The Oceans Are One
Athelstan Spilhaus was not only the owner of a truly unique name, he was also a geologist, oceanographer, inventor, science communicator, and president of The Franklin Institute from 1967 to 1969. Dr. Spilhaus was elected to the APS in 1968 in the Mathematical and Physical Sciences Class. He may have been the closest intellectual relative to Benjamin Franklin in some years.
As a graduate student in 1936, Spilhaus developed the bathythermograph, a device that made possible the measurement of varying temperatures of the ocean from a moving vessel. These devices were installed on the sides of WWII submarines to better aid in their navigation. After the war, Dr. Spilhaus worked on weather balloons to spy on Soviet nuclear research. One such balloon crashed in the New Mexico desert in 1947 near a little town called Roswell.

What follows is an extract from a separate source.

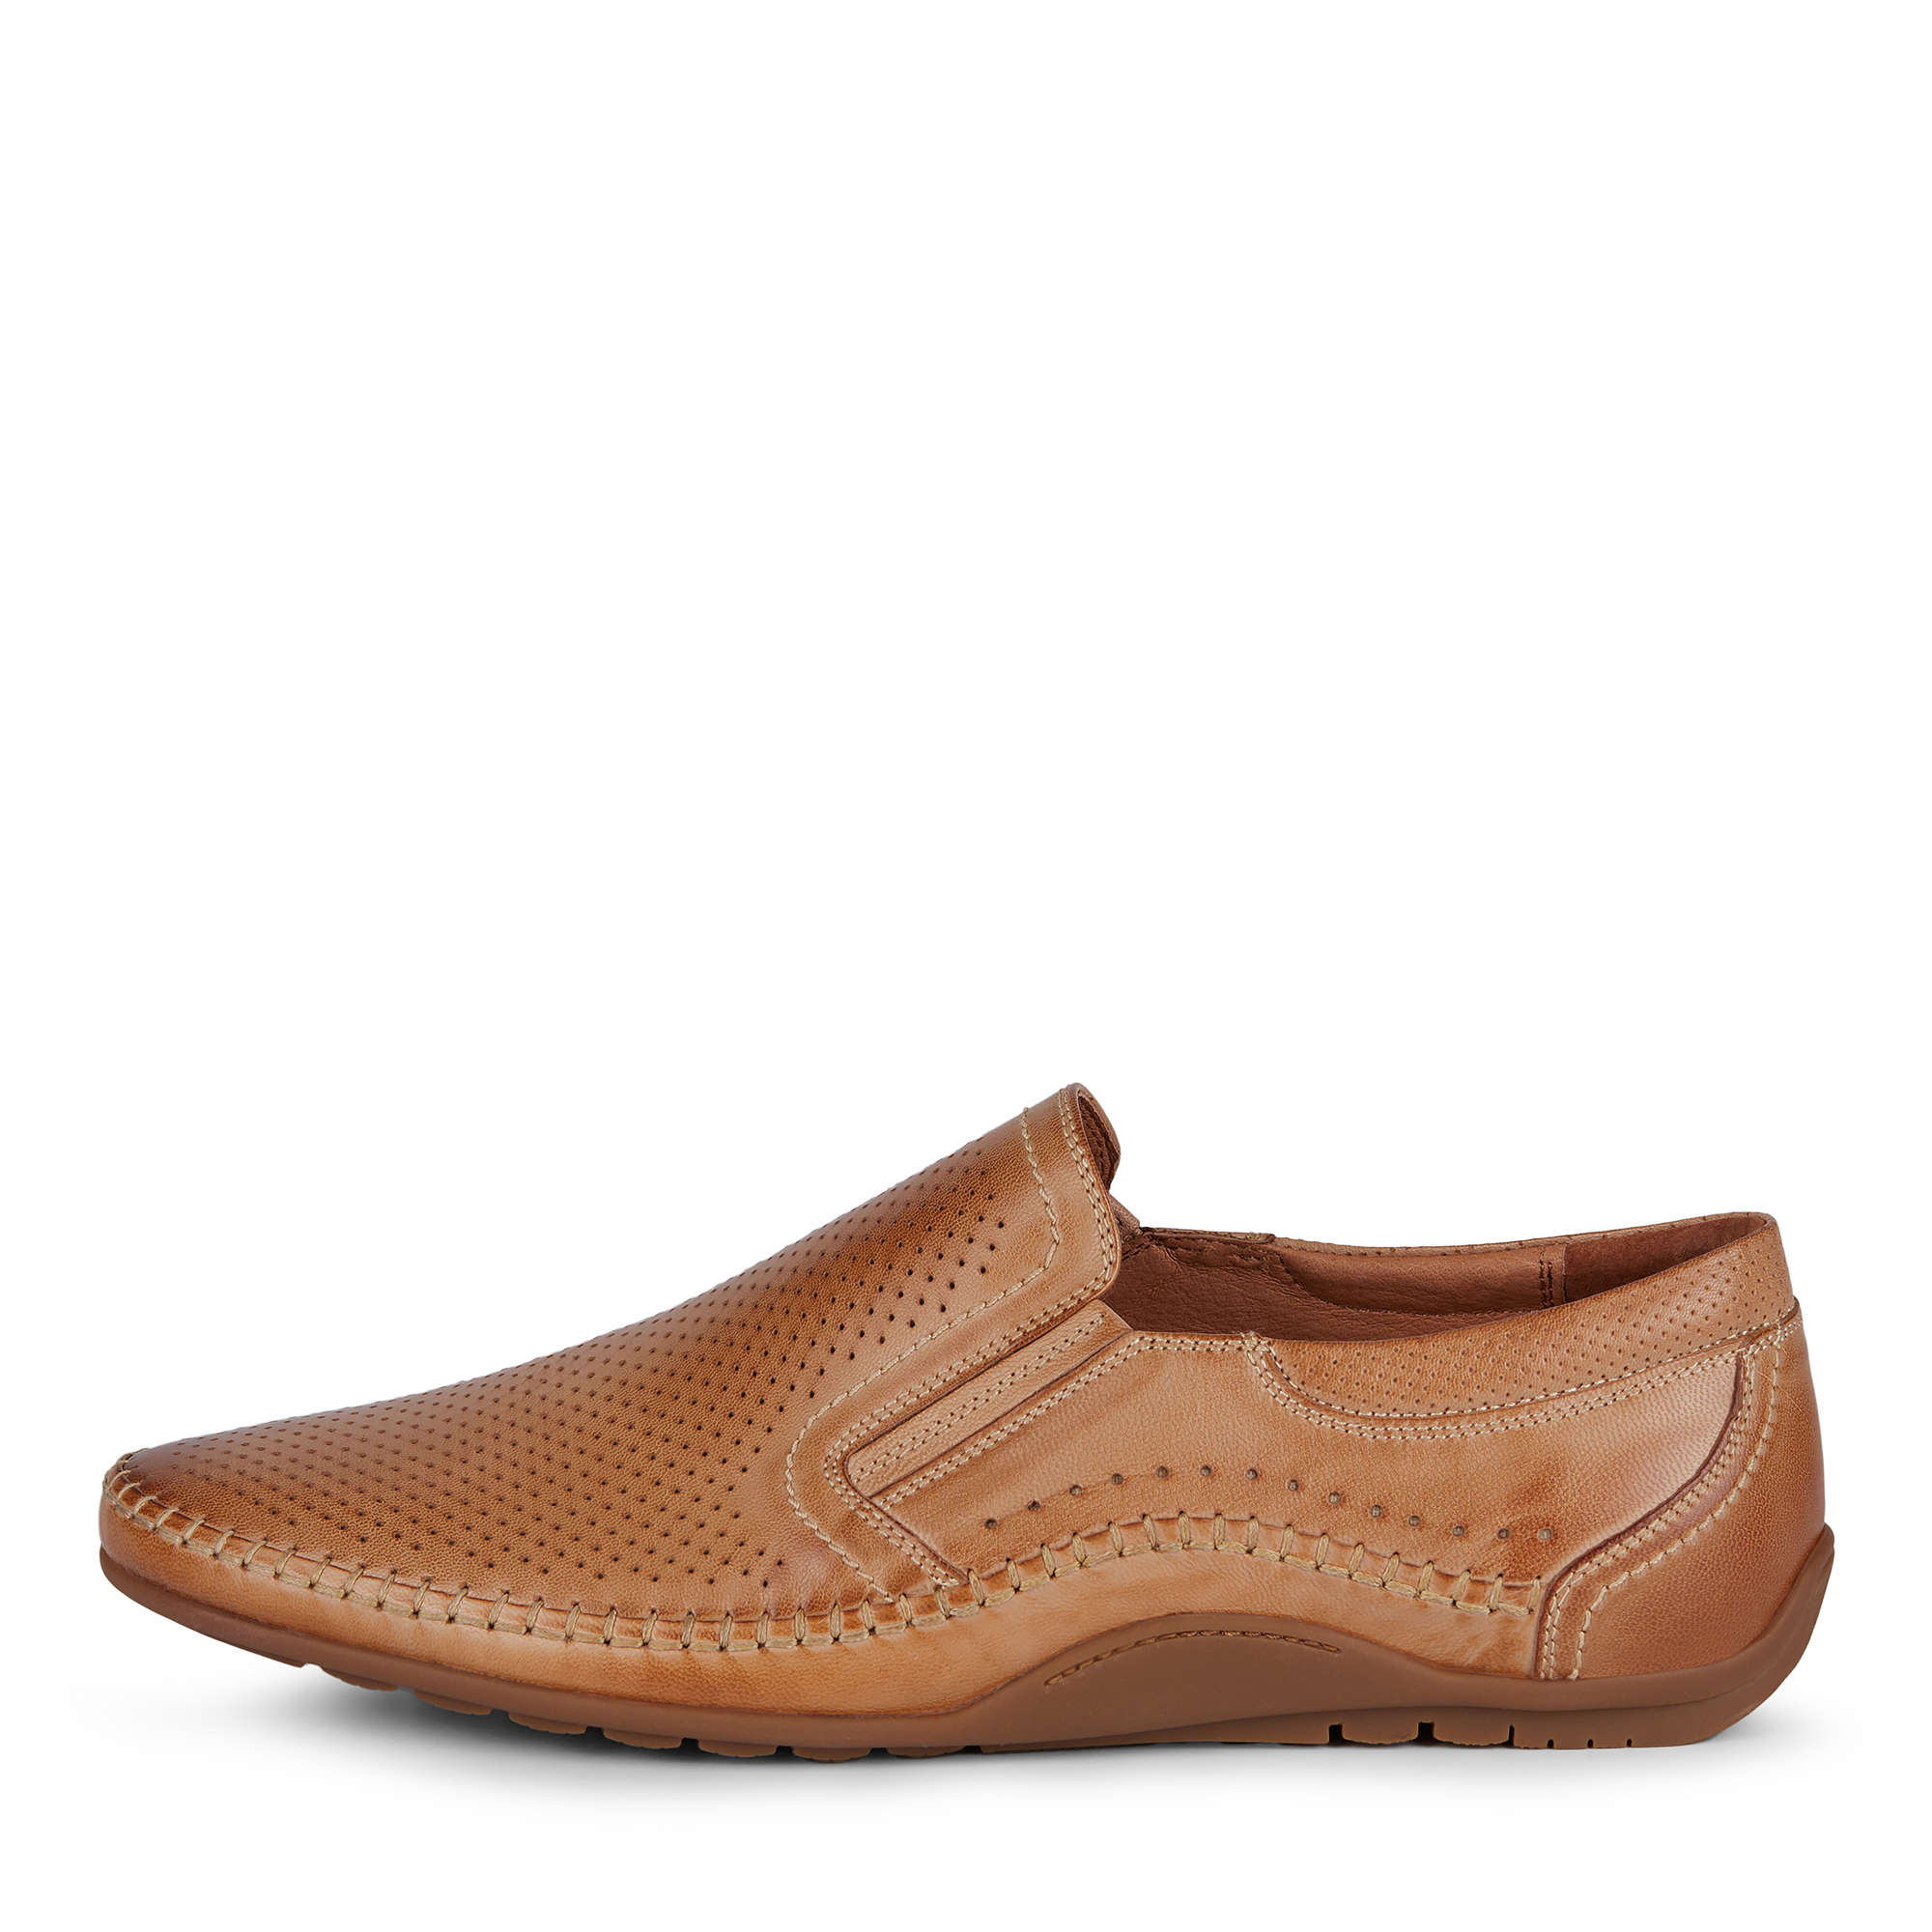 Туфли/полуботинки Salamander 058-033A-1109, цвет светло-коричневый, размер 40

From 1957 to 1973, Spilhaus authored a weekly Sunday comic called “Our New Age.” It gave weekly lessons in science, but also delved into science fiction with speculation on what the future could hold for the children reading the strip. One reader was US President John F. Kennedy who told Spilhaus: "The only science I ever learned was from your comic strip."
Dr. Spilhaus left his papers to the University of Texas at Austin, but his legacy is peppered throughout the APS. He appears in several of our collections: the Henry Allen Moe Papers, the John A. Wheeler Papers, the Leonard Carmichael Papers, and the Walter Munk Papers. In the Munk papers, newly arrived at the APS, are a few first editions of his “Spilhaus Projection” of the earth: a projection that emphasizes the oceans, making what we think of as five oceans appear as one (100 : 1949 : Sp4). The poles of the map are in China and South America. The Asian and American continents are split apart and the center of the map is Antarctica. It was in 1942 that Spilhaus first drew this map projection. His obsession with oceans was prescient. If we Earthlings don’t start focusing on reducing the acidification of the oceans, overfishing, and plastic pollution, our future will be quite bleak.
After saving us from Nazi U-Boats, unintentionally causing the Roswell Incident, teaching a sitting president about science, and creating a new projection of the world, Spilhaus spent many of his retirement years creating mechanical toys for his grandchildren. Spilhaus clearly epitomized the APS’s mission to promote useful knowledge.